勢いに任せて家を出たところまでは良かったが、行くあてはもちろんない。 
どうしよう。近くにカプセルホテルかネットカフェはないだろうか? 
スマートフォンを取り出し、近場を検索する。安いカプセルホテルが見付かった。
ここにするか。
決定しかけるも、ある懸念が脳裏をよぎる。
この時間帯に高校生一人は明らかにおかしい。一発で家出少年だとバレてしまうのではないか。血まみれの相乗効果で、不良少年だと思われてしまうかもしれない。とにかく、警察のお世話になるのだけは御免だ。ネットで検索すれば通報されるのかどうか分かるかもしれない。再びスマートフォンに助けを求める。
「高校生 カプセルホテル」までキーボードを押したところで、画面が暗くなった。言うまでもなく充電切れだ。 
役に立たないスマートフォンめ。苦笑を通り越して失笑ものだ。 
さて、どうしようか。ふと、帰り際に通りかかった商店街を思い出した。板垣のことも。行ったところでどうにもならないことは分かっていたが、それでも足は商店街の方に向かっていた。
客がいるかはともかく、スナックは元気に営業中だった。まあ妥当だ。とはいえ、夜の方が栄える商店街も如何なものかと思う。
地縛霊みたいにさ迷っていると、ある場所が目に止まった。白い街灯。それとは対照的に、薄暗い路地裏。板垣が謎の男と消えていった場所だ。
こんな所、危ないに決まっている。板垣だってもういないはずだ。
分かってはいたが、自分の好奇心に抗うことができなかった。
白い街灯の脇を通り、路地裏に入る。いくつか店もあるが、いずれも大分前に閉店したようだ。錆びたシャッターには、幼稚なタギングが殴り書きされている。
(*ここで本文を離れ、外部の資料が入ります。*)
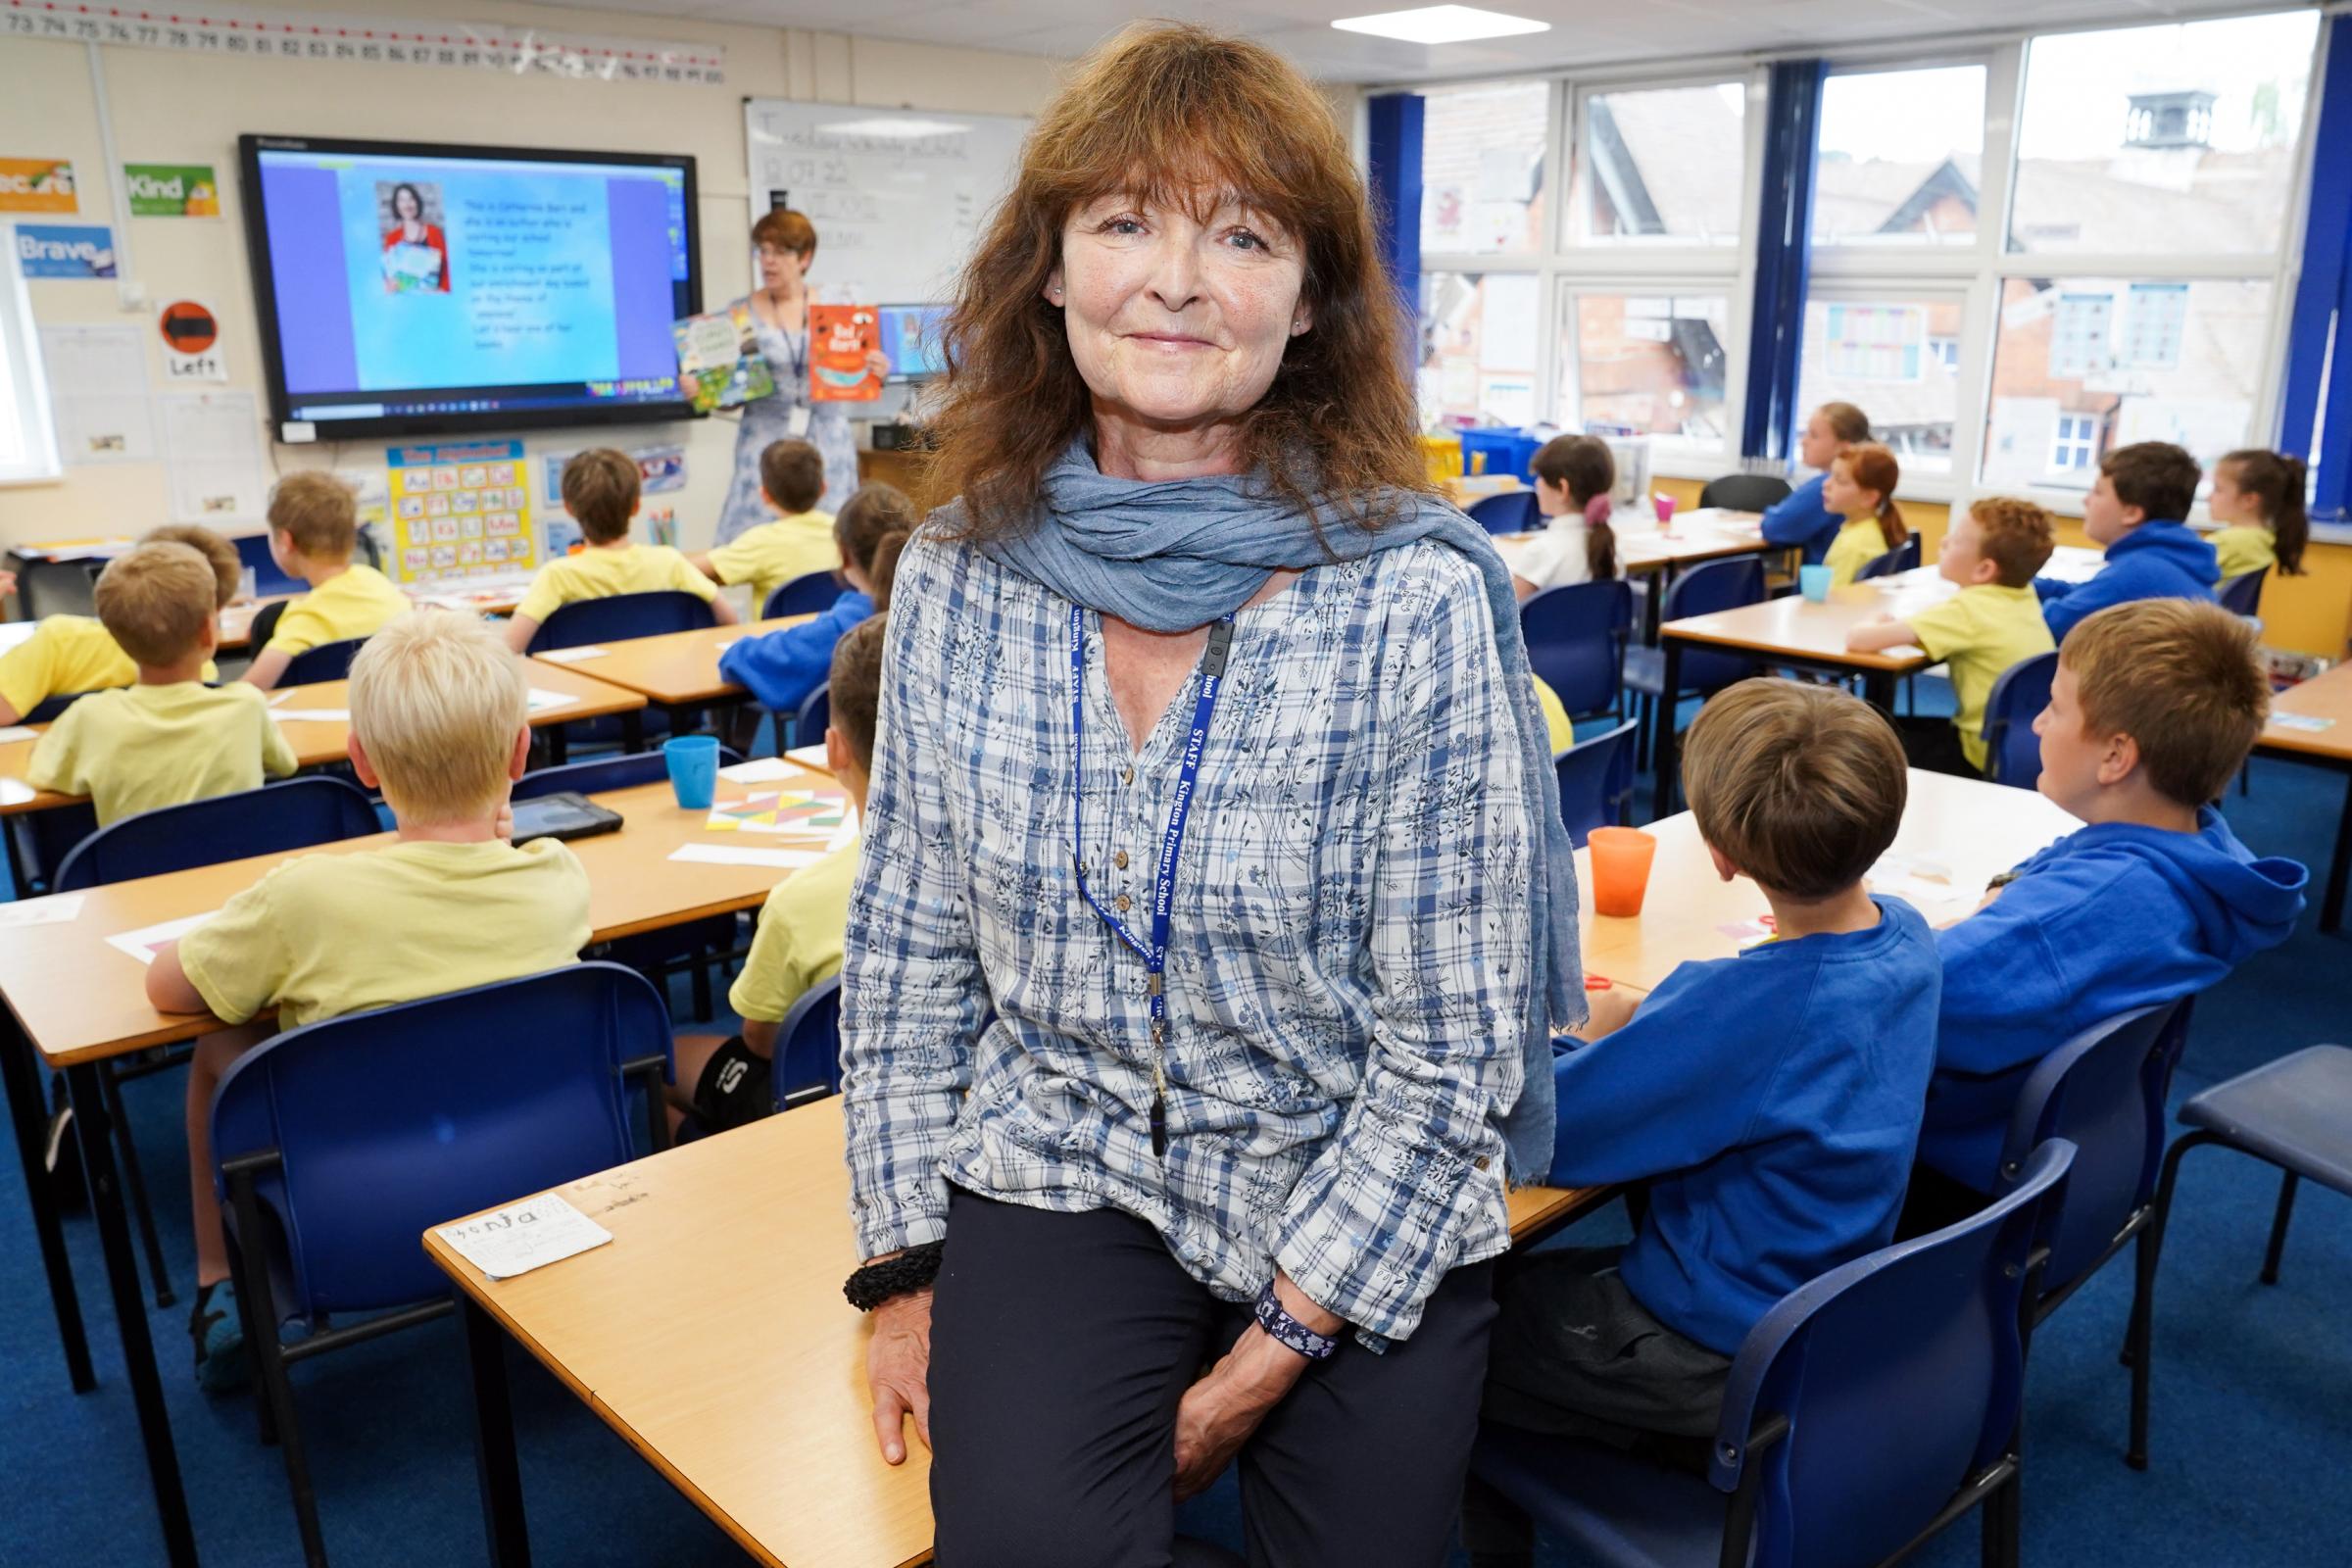 Headteacher at Kington Primary School, Anne Phillips is retiring after 22 years.

商店街の闇を垣間見るようで、胸がむかむかする。引き返そうとも思ったが、先に進むことにした。
行き着いたのはなんてことはない、ただの行き止まりだった。街灯はなく、ひたすら暗闇が広がっている。
ここにいても時間の無駄だ。もういい。カプセルホテルにでも行こう。
引き返そうとした時だった。 
カツン、と小石を蹴るような音がした。続いて、なにかが暴れるような音。
空気が引き締まった気がした。危険を顧みるな。今起きている何かを放置してはいけない。直感が告げていた。